Stąd właśnie oczywiste skojarzenia z Larą Croft, bezpardonowo rozprawiającą się z hordami przeciwników w trakcie poszukiwań kolejnych artefaktów zaginionych cywilizacji. Ale i sznyt niestrudzonej badaczki zapomnianych tajemnic upodabnia ją do Indiany Jonesa w spódnicy. Autor scenariusza – M.M. Chen (znany poza niniejszym cyklem jedynie z serii „Magdalena” o pobocznej postaci z komiksu „Darkness”) czerpie garściami z ogranych do bólu wzorców, niewiele – poza sztafażem świata przedstawionego – dorzucając tak całkiem od siebie. I choć mam świadomość, że żadne dzieło nie powstaje w próżni, ale opiera się na podwalinie wcześniejszego kulturowego dorobku, tak tutaj Chen zdaje się czerpać nazbyt wiele. Nie oskarżam go oczywiście o plagiat, bynajmniej. To bardziej odtwórczość, która nabiera cech świeżości jedynie przez wspaniałe, nakreślone – przyznam – z rozmachem realia świata, w jakim rozgrywa się akcja.

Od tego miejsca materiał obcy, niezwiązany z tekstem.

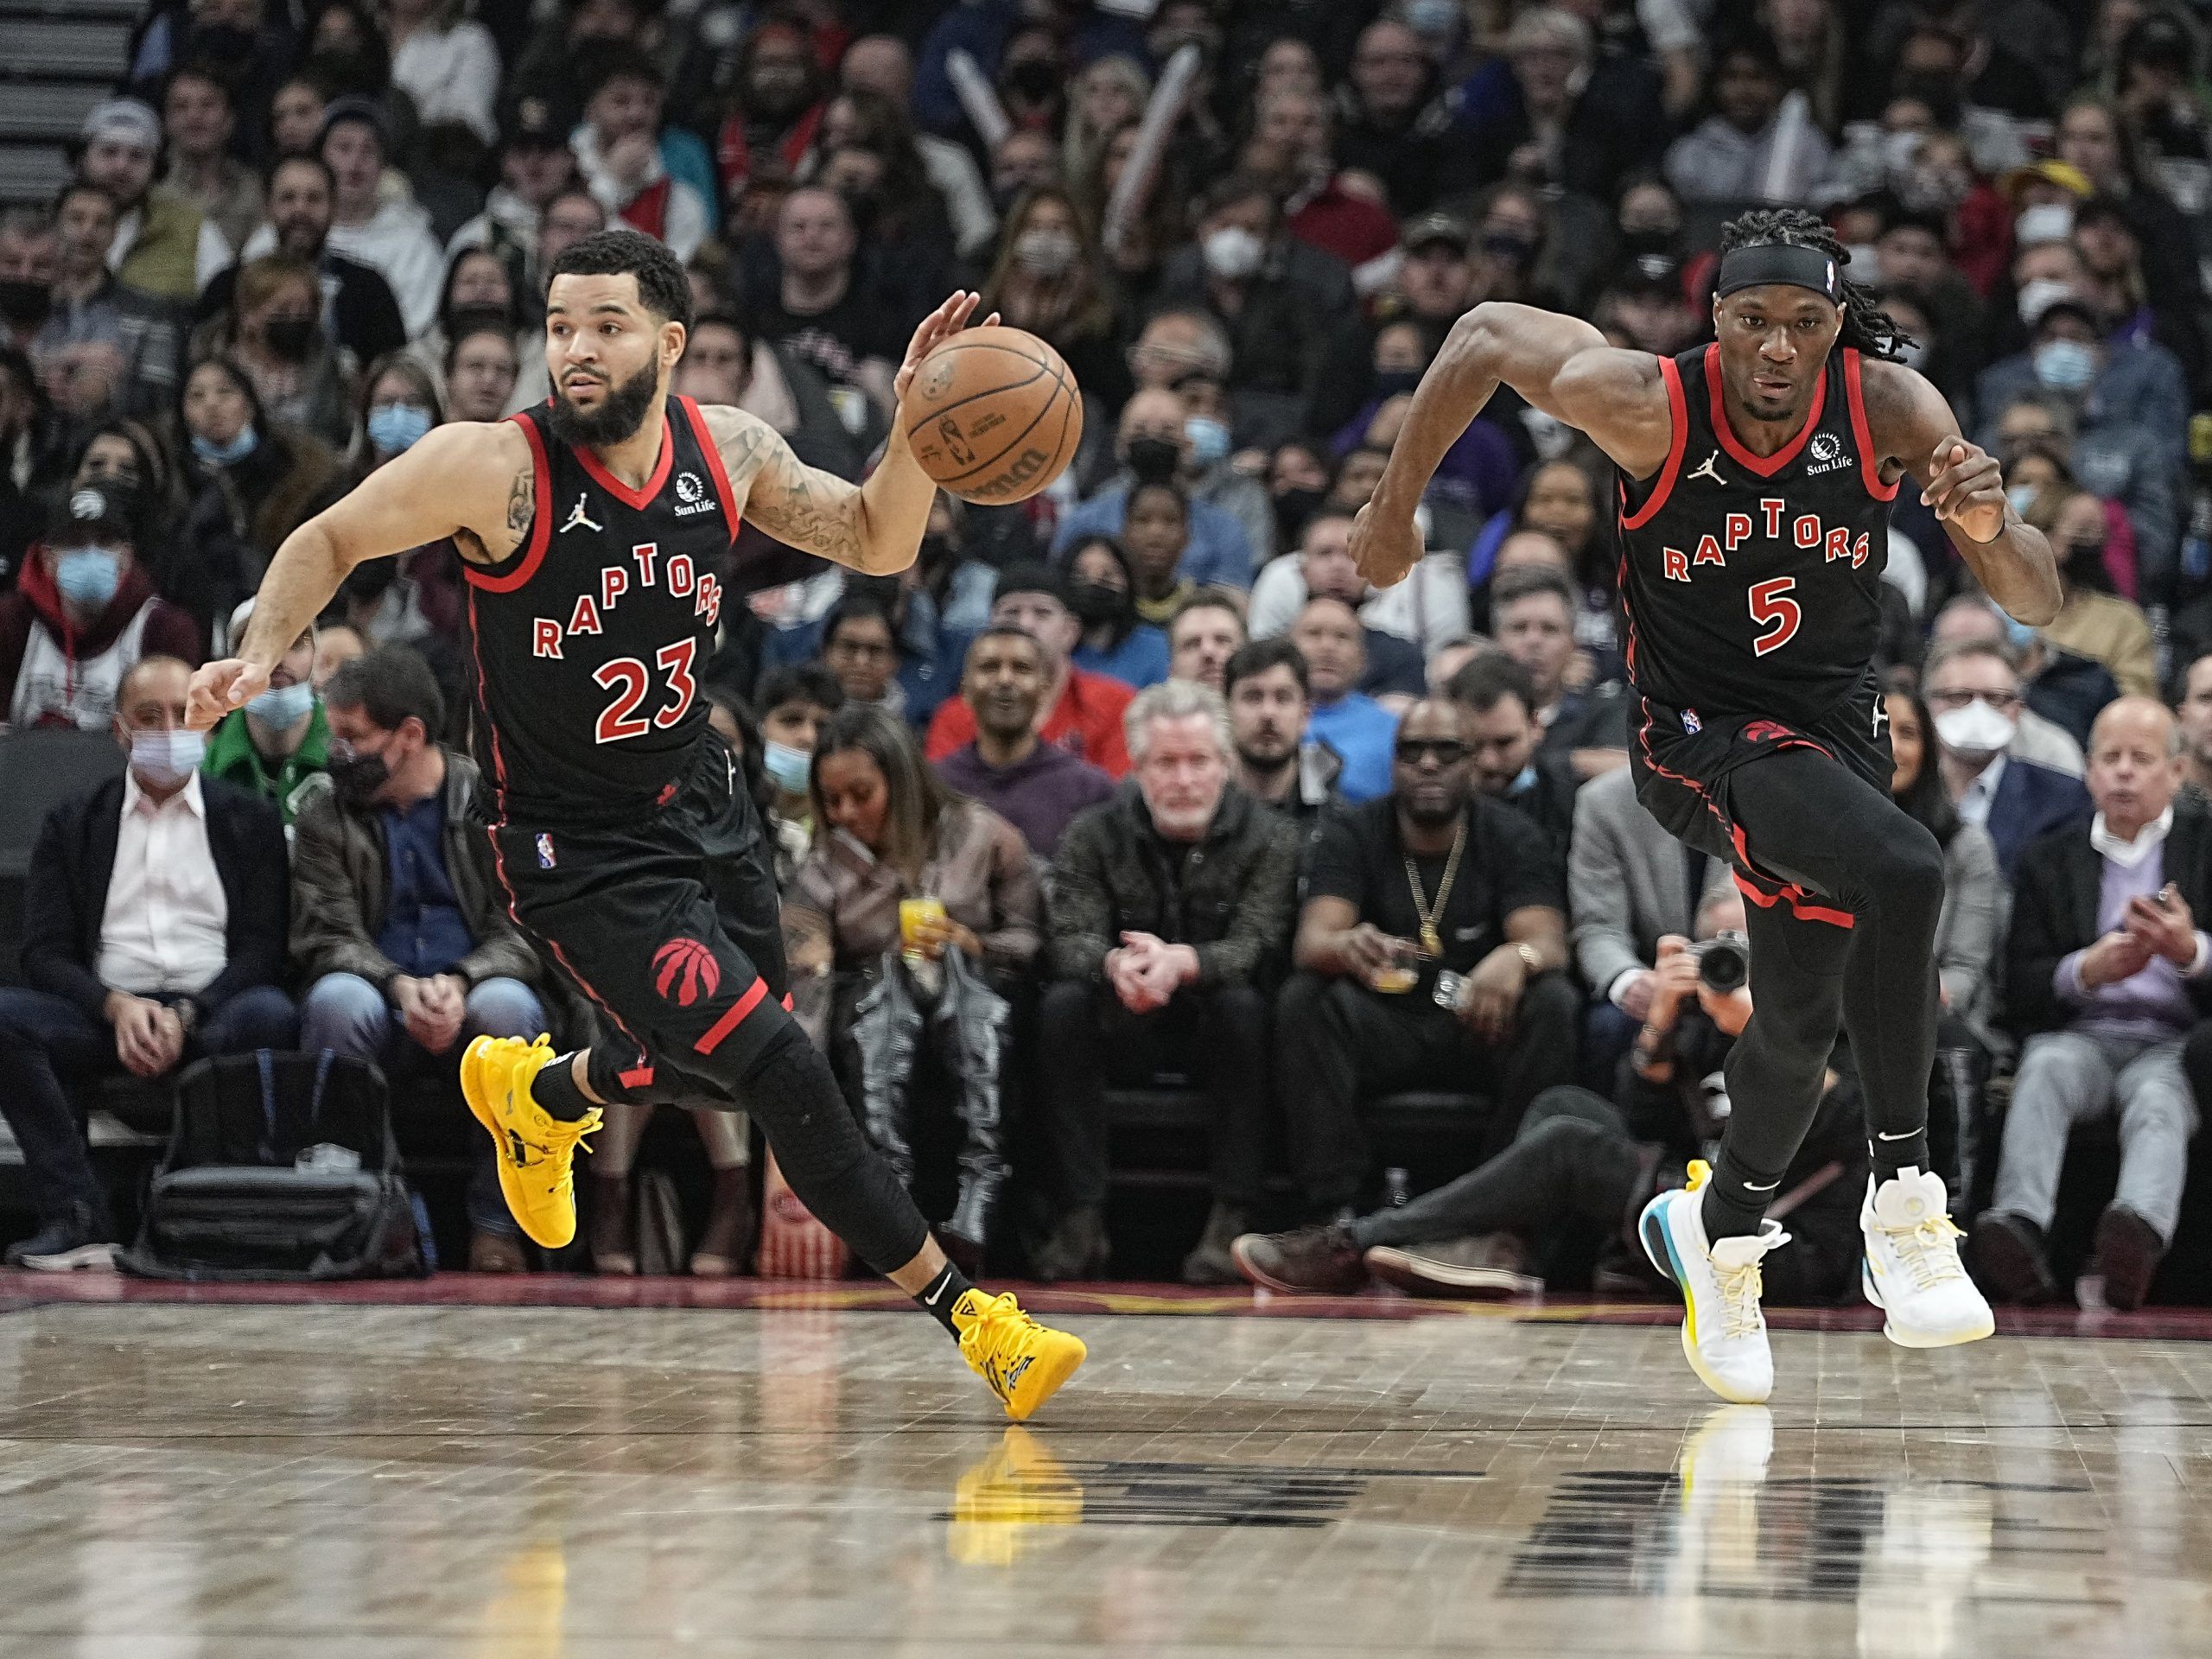 Raptors' Trent Jr. joins Siakam, Banton in health and safety protocols

Quasi – wiktoriańska Anglia, gdzie magia konkuruje ochoczo z najnowszymi (jak na tamte czasy) zdobyczami nauki. Arystokracja, tajemne stowarzyszenia, wywiady wielkich mocarstw, a nawet popularne teorie o wielkich jaszczurach z kosmosu, kolonizujących ziemię – to niesamowity miks popkulturowy, który Chenowi dał szansę na nakreśloną w szerokiej perspektywie, dynamiczną kreację w konwencji fantastyczno – przygodowej. I choć fabuła w ogólnym zarysie jest dość przewidywalna, to nadal daje pewną – określoną przyjemność z lektury. Przynajmniej na oczekiwanym, choć niewygórowanym poziomie. To zabawa przypominająca tę towarzyszącą oglądaniu po raz n-ty przygód wspominanego wcześniej Indiany Jonesa. Niby wiemy, czego się spodziewać, ale opowieść nadal potrafi nas uwieść, choćby na czas lektury, czy seansu.

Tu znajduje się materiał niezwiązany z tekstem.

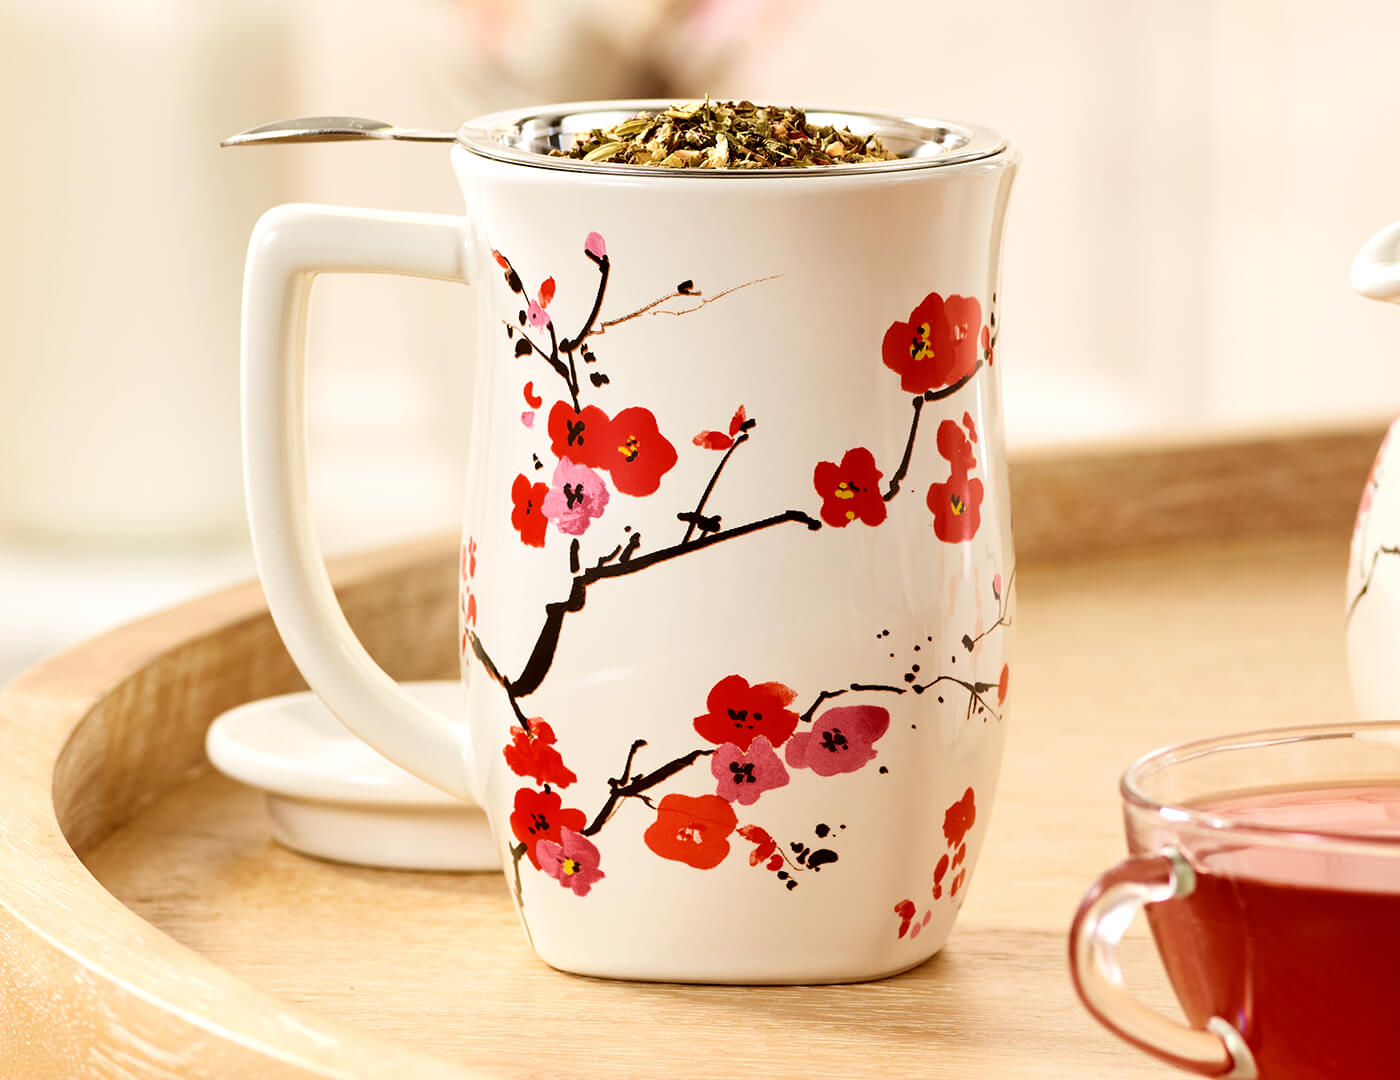 Fiore Sakura Steeping Cup with lid off and loose leaf tea inside the infuser

Ale tym, co stanowi niewątpliwie największą wartość zarówno niniejszego tomu, jak i całej serii jest wizualna oprawa opowieści Chena, za którą odpowiada niezrównany w swoim fachu Joe Benitez, wspierany przez Martina Montiela. To rysunki Beniteza właśnie są koniem pociągowym, ciągnącym tę serię, zdecydowanie czyniąc z niej jeden z atrakcyjniejszych graficznie tytułów. Oczywiście przede wszystkim dla tych, którzy kochają steampunk. Przyznam, że czekałem z niecierpliwością na pojawienie się tego tytułu na polskim rynku od kilku lat, odkąd natknąłem się w sieci na okładki pierwszego zeszytu. I lektura polskiego wydania, wzbogaconego dodatkowo – poza historią „Tablica przeznaczenia” w pokaźną galerię okładek, to zdecydowanie musiszmieć dla każdego, komu nieobca estetyka gatunkowa spod znaku choćby „Maszyny różnicowej” Sterlinga i Gibsona. I pal sześć trywialność fabuły w tym tomie. Panowie Chen z Benitezem okazują się doprawdy zgranym duetem (wcześniej pracowali zresztą przy wspomnianej „Magdalenie”), a i sam steampunk nieprzypadkowo należy do jednej z najbardziej olśniewających koncepcji gatunkowych, gdzie konieczny jest tak dobrze opracowywany przez Beniteza rozmach, rozmach i jeszcze raz rozmach. To dla strony graficznej (i konkretnie jego rysunków) warto po „Lady Mechanikę” sięgnąć.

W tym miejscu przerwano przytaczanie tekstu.